I have been introduced to a new word that may take me a lifetime to understand. The word is ubuntu. It is less a word and more a philosophy, a way of living, but my Burundian/Rwandese, maybe all my African friends, will know what I am talking about. It is one of those words that is hard to translate; the kind of word that makes faces soften, hands draw up to the heart and eyes stare off in wonder when you say it aloud. Literally translated it means “human-ness.” Its core belief is that humans cannot exist in isolation because society is not made up of individuals, but people who “belong to each other,” who share in each other’s humanness, who say, “we are because you are, and since you are, definitely I am” (Eze, Michael Onyebuchi. 2010. Intellectual History in Contemporary South Africa. Palgrave Macmillan). Let me introduce you to a few faces of the people I have met who possess ubuntu.

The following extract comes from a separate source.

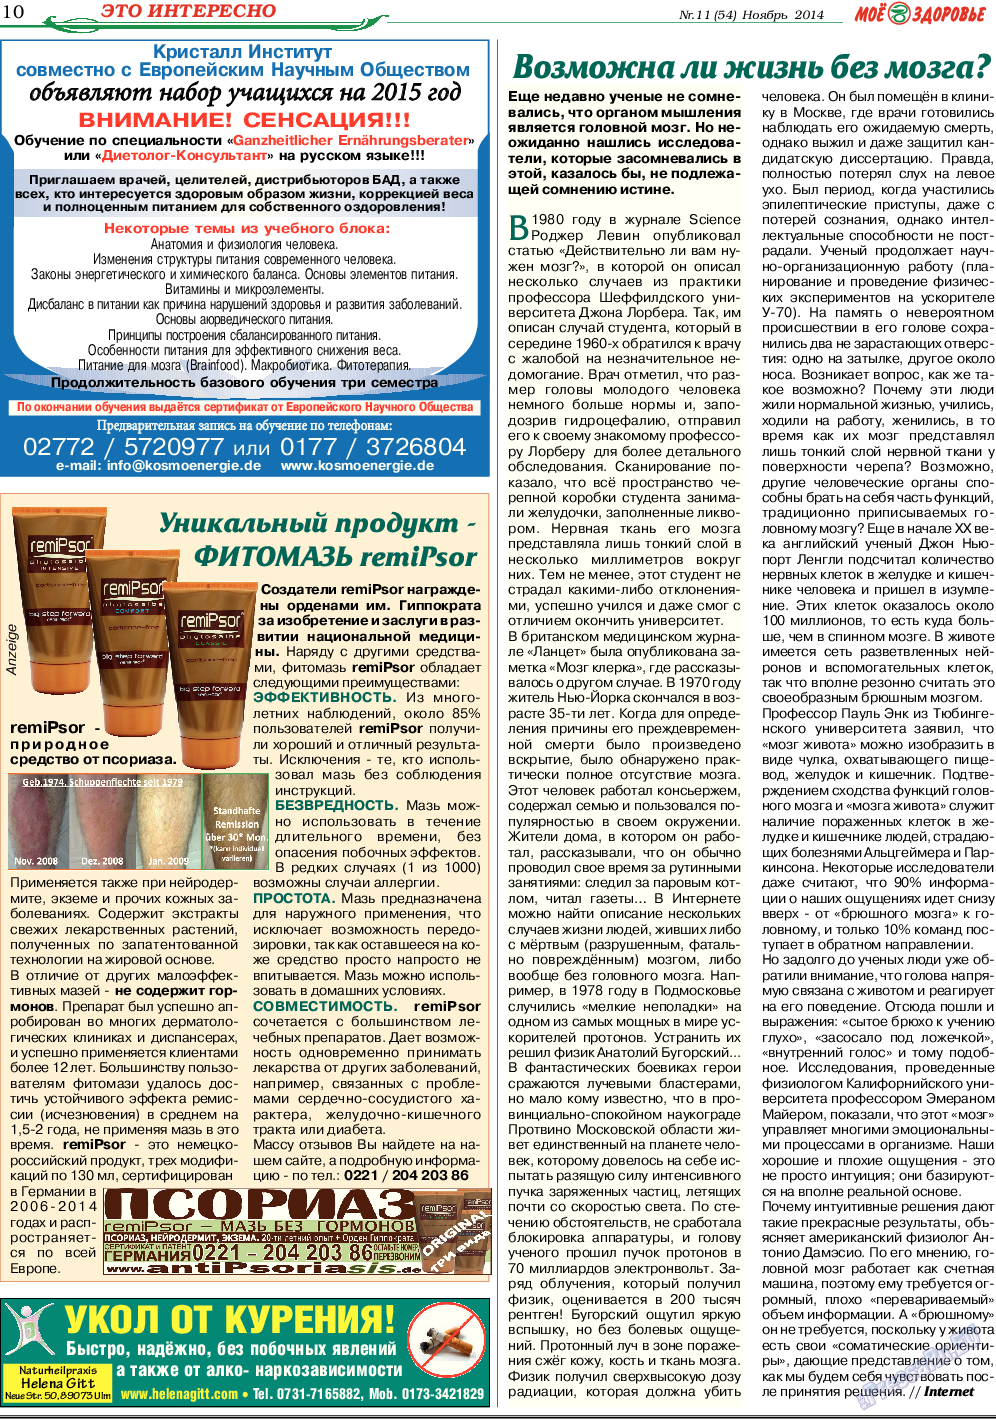 Кругозор, газета. 2014 №11 стр.10

This is Freddy Kaniki and his wife Esther. He is part of the reason I have made it to Burundi. Almost two years ago, Norbert Runyambo, the father of two of my students and patron saint of my trip to Rwanda as well as almost everyone who knows him there, introduced me to Freddy who is building the Burundi American International Academy in Bujumbura. The school is perfectly sandwiched between the shores of Lake Tanganyika (a lake so beautiful I think I could spend the rest of my life just staring at it) with views of it out one side of the building and the mountains of Burundi on the other side. Freddy knows that it is in the classroom where the seeds of the future are planted. While I was there, I helped edit a few brochures with my new friend Carine who is helping Freddy fill the school with both local and international children. Carine invited me to her son Johan’s fifth birthday party where I met her friend Alice who went to college in the U.S. (in Pennsylvania in fact!) but who felt the pull of her beautiful Burundi and could not resist, and so she came back to work in her native country. In the photo, Alice is on left and Carine on the right. I think you can figure out which one is the five year old. Check out BAIA on line at: http://www.baiacademy.org.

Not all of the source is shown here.